START WORKING DATA

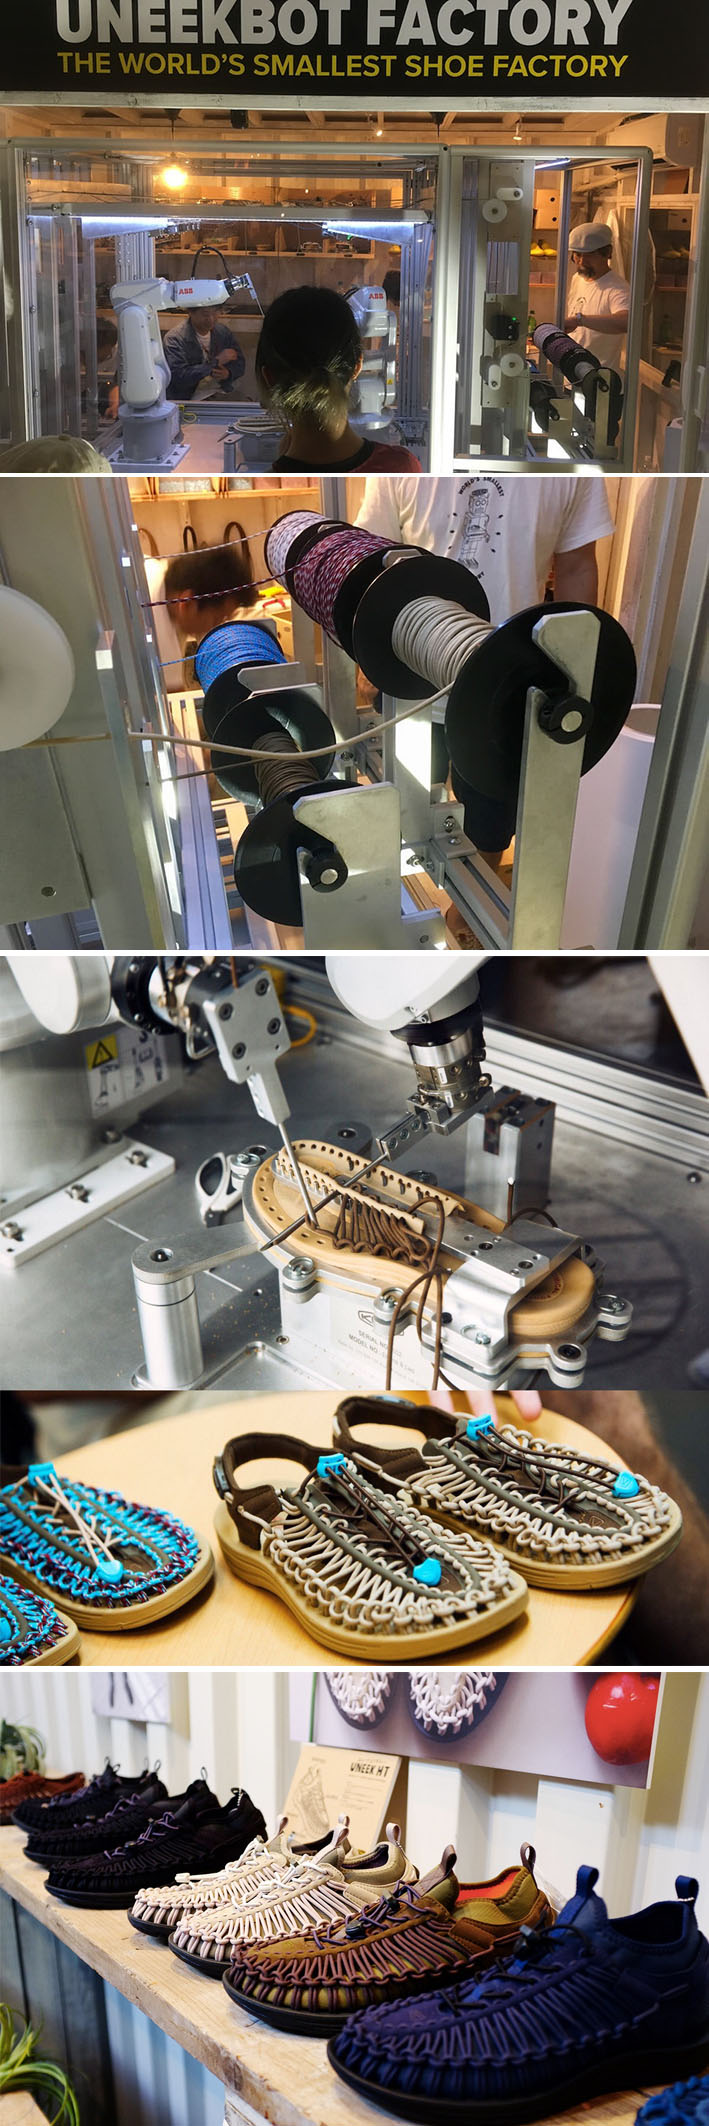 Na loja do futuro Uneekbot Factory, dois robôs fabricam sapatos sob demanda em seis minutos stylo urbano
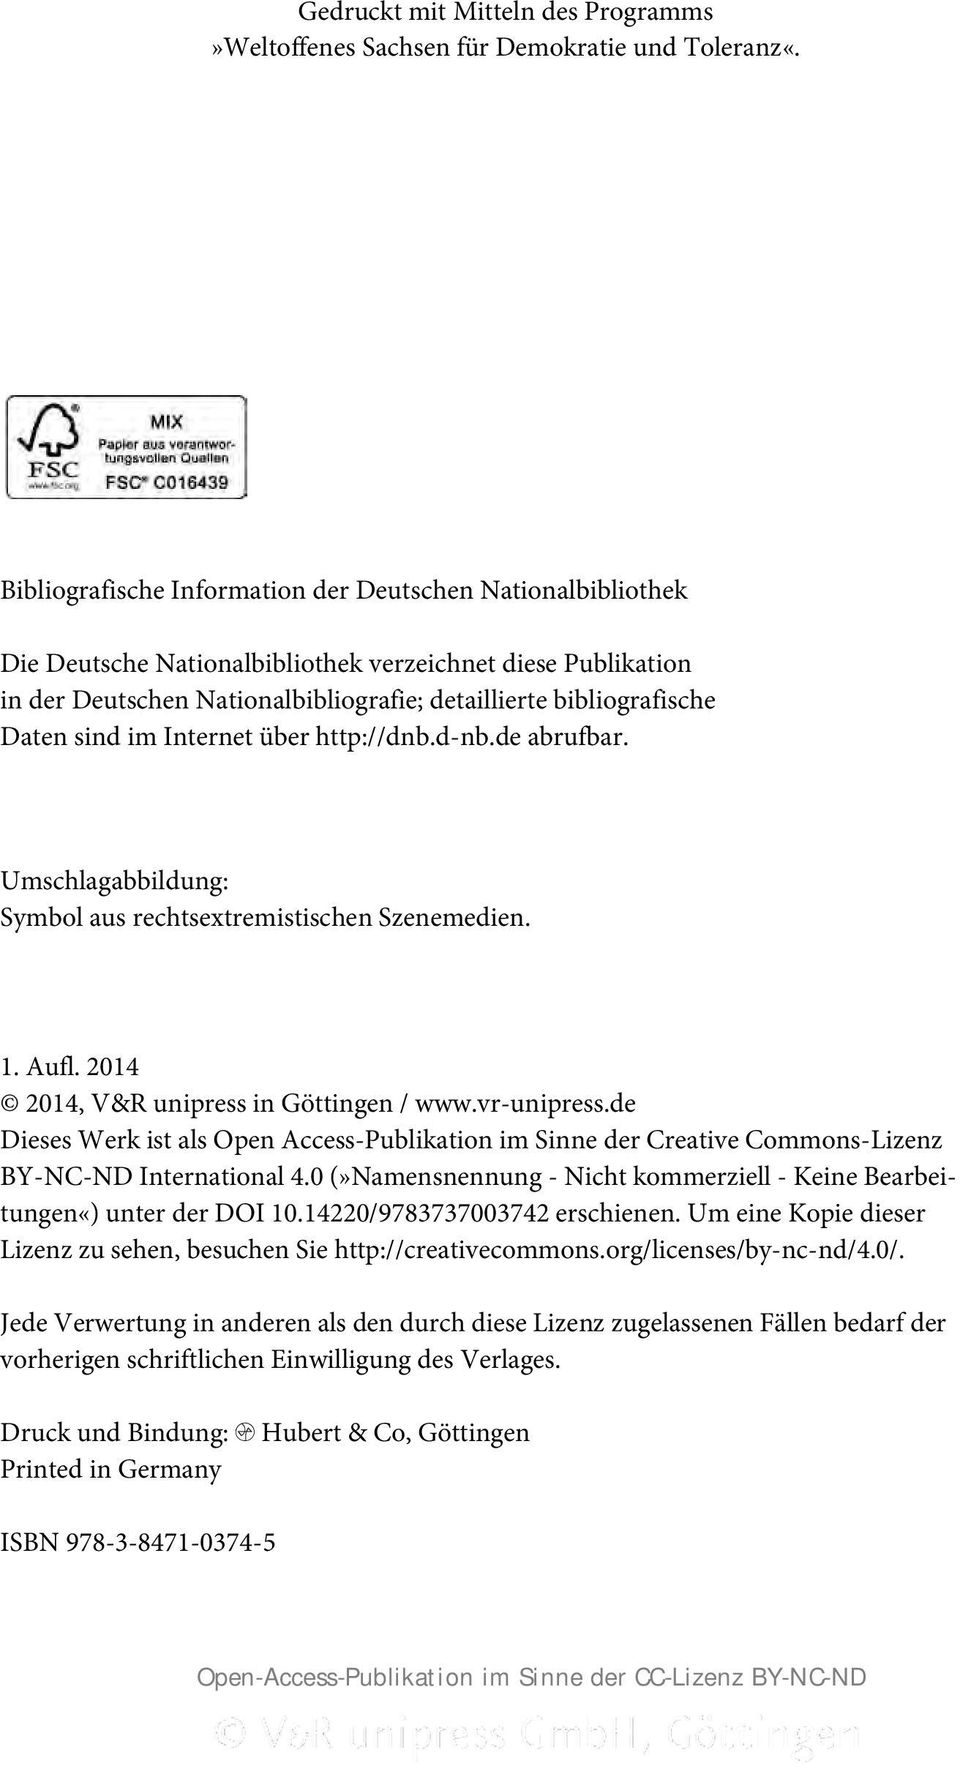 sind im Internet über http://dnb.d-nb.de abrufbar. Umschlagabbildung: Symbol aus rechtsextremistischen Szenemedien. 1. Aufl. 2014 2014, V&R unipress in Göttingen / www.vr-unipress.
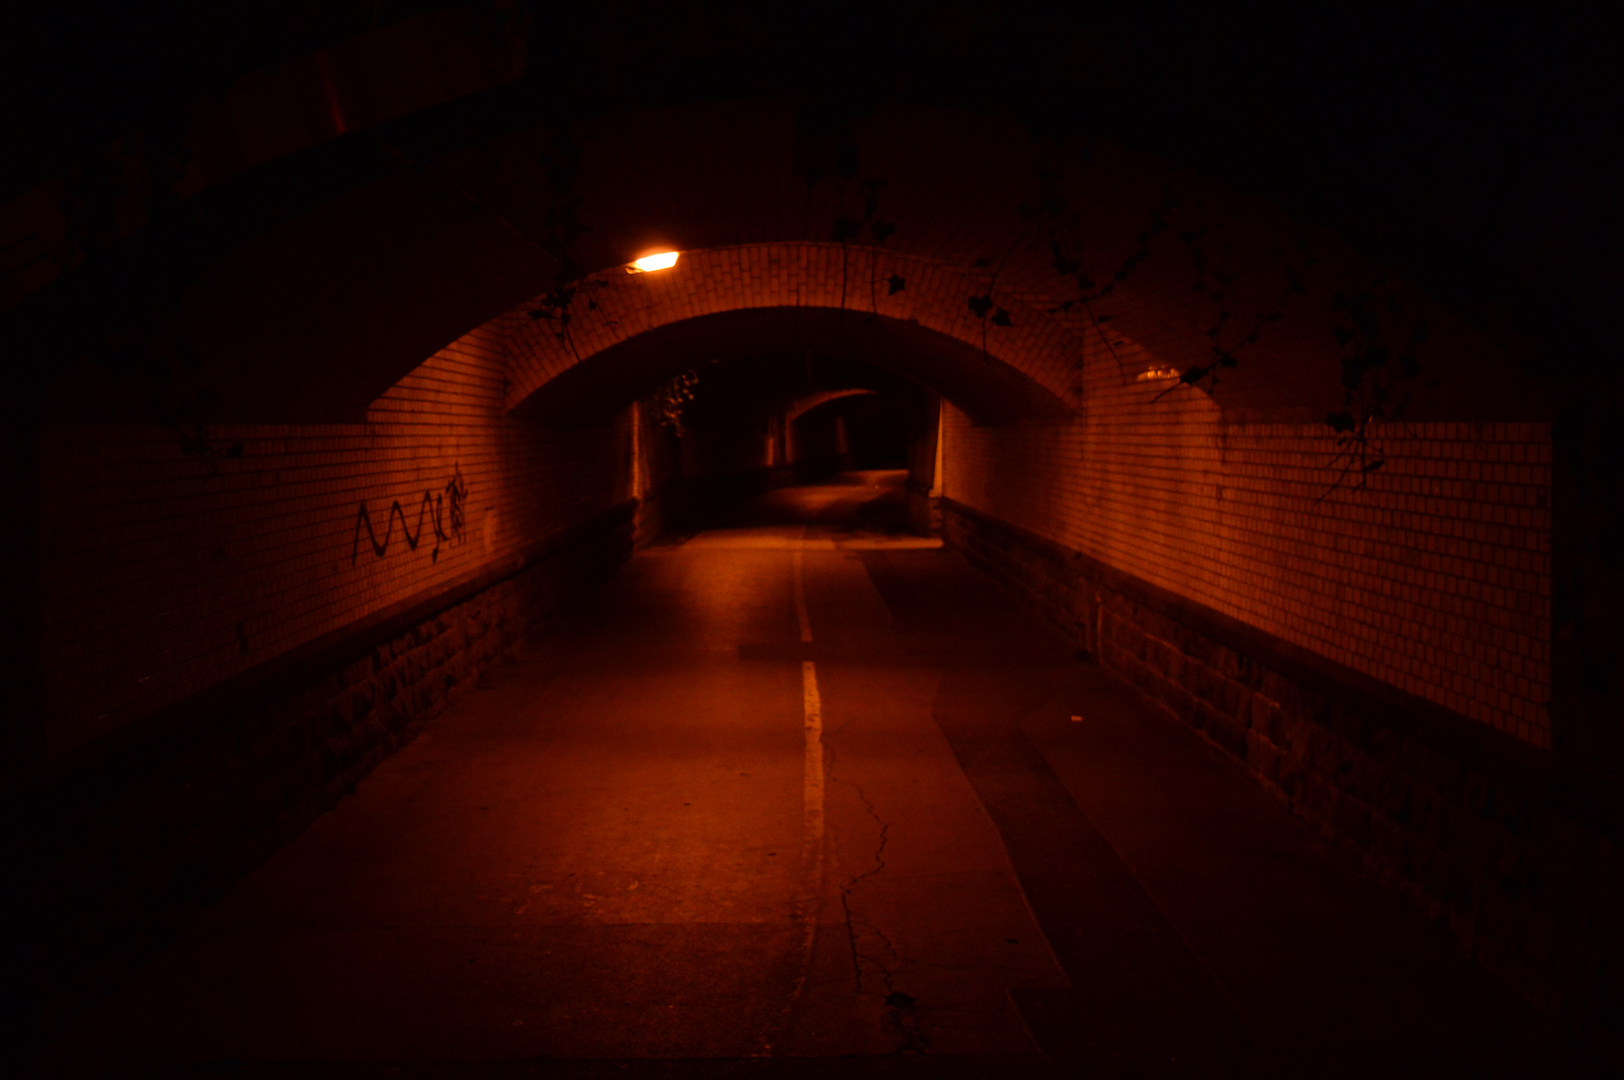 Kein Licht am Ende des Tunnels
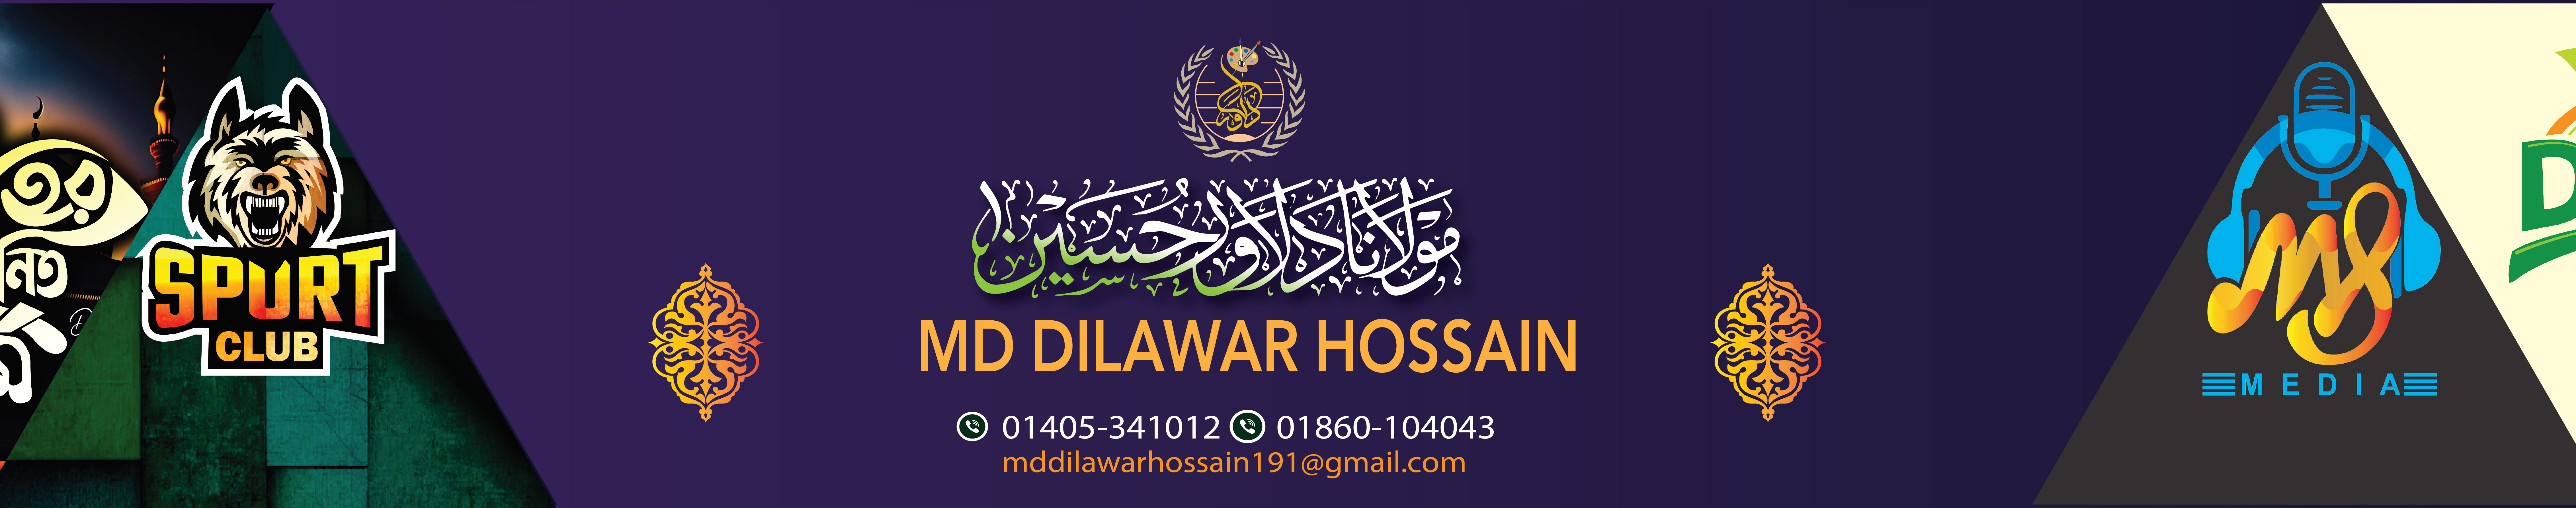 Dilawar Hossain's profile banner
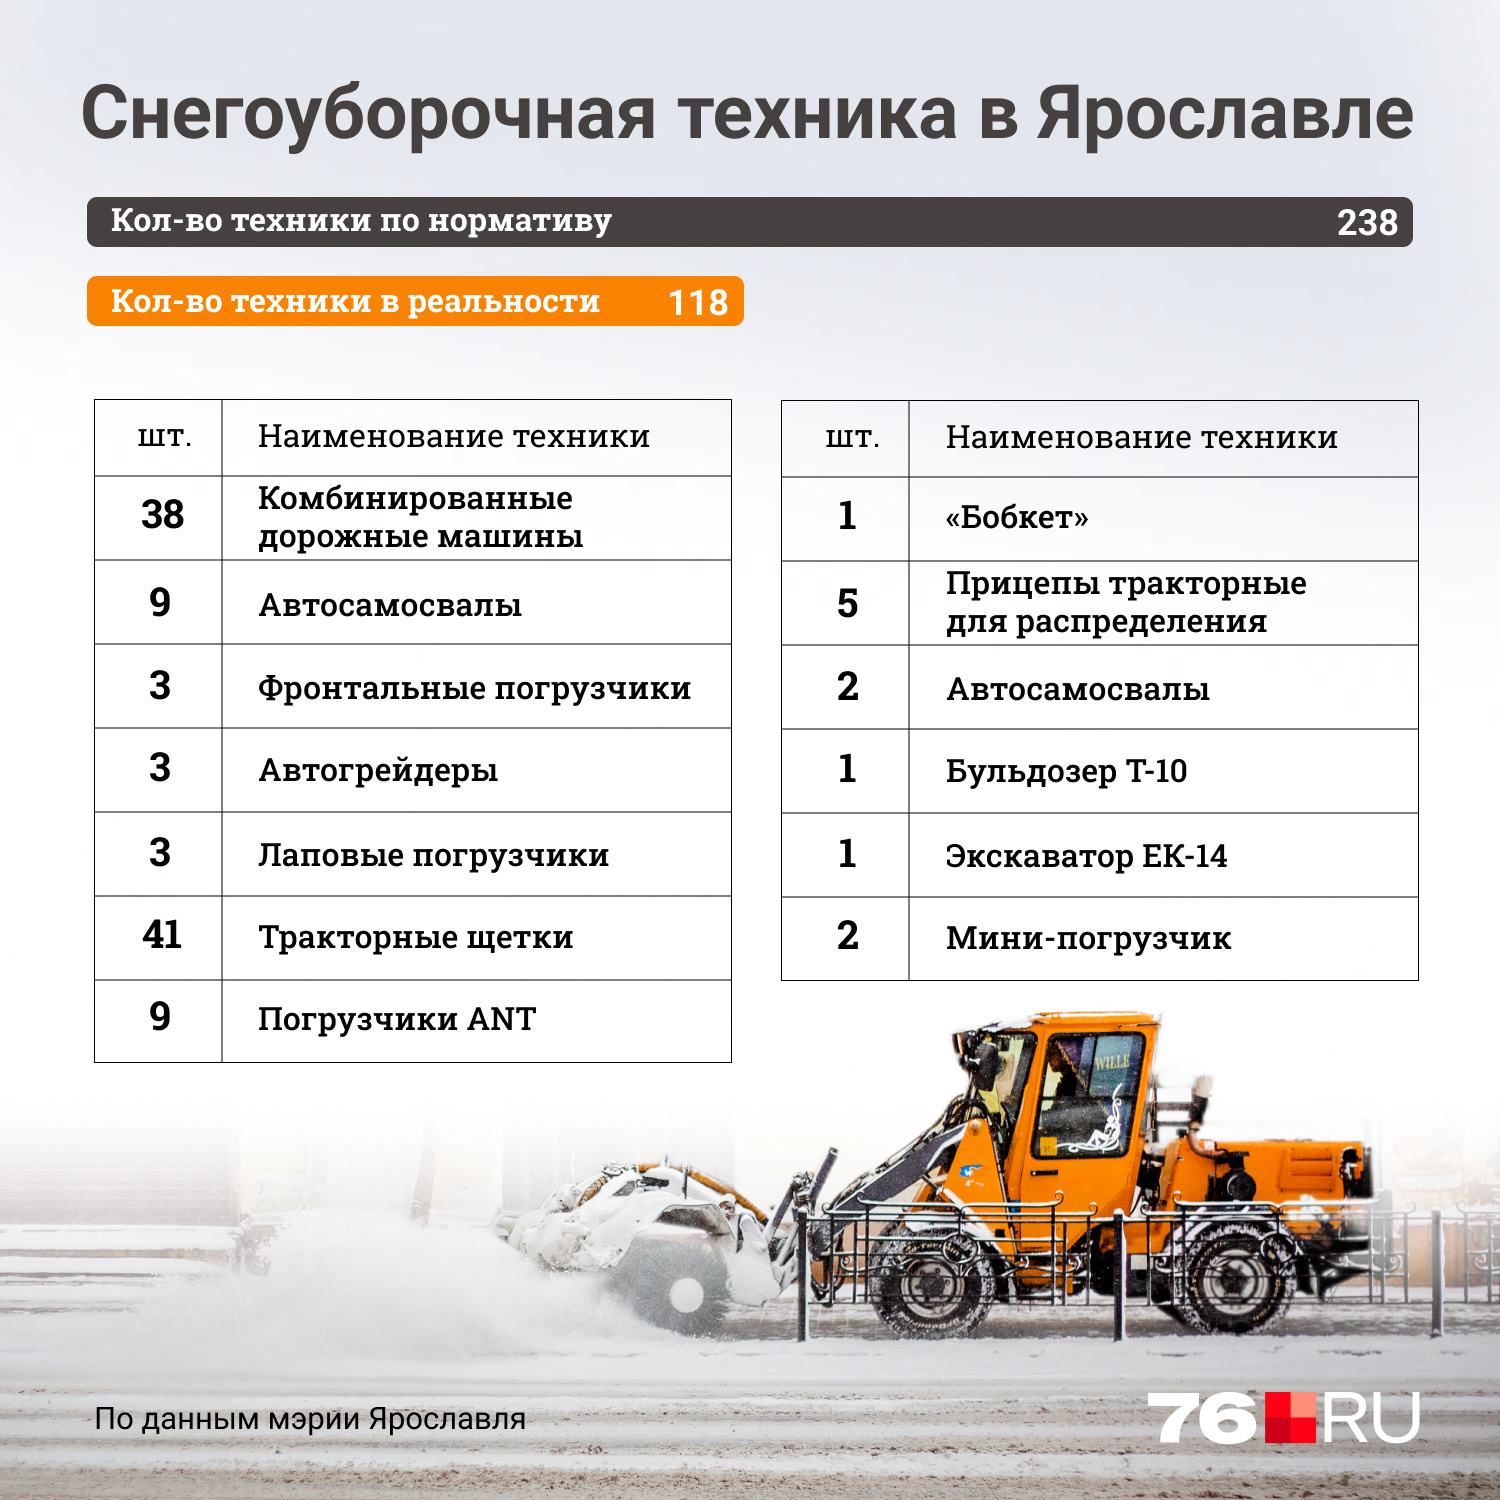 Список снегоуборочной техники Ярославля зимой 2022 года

END WORKING DATA

- **WHAT TO PRODUCE**
Leave the pictures out and reproduce exactly the lines from the top of the listing above through the line with "Dilawar Hossain's profile banner".

- **EXPECTED ANSWER**
 Na loja do futuro Uneekbot Factory, dois robôs fabricam sapatos sob demanda em seis minutos stylo urbano
 sind im Internet über http://dnb.d-nb.de abrufbar. Umschlagabbildung: Symbol aus rechtsextremistischen Szenemedien. 1. Aufl. 2014 2014, V&R unipress in Göttingen / www.vr-unipress.
 Kein Licht am Ende des Tunnels
 Dilawar Hossain's profile banner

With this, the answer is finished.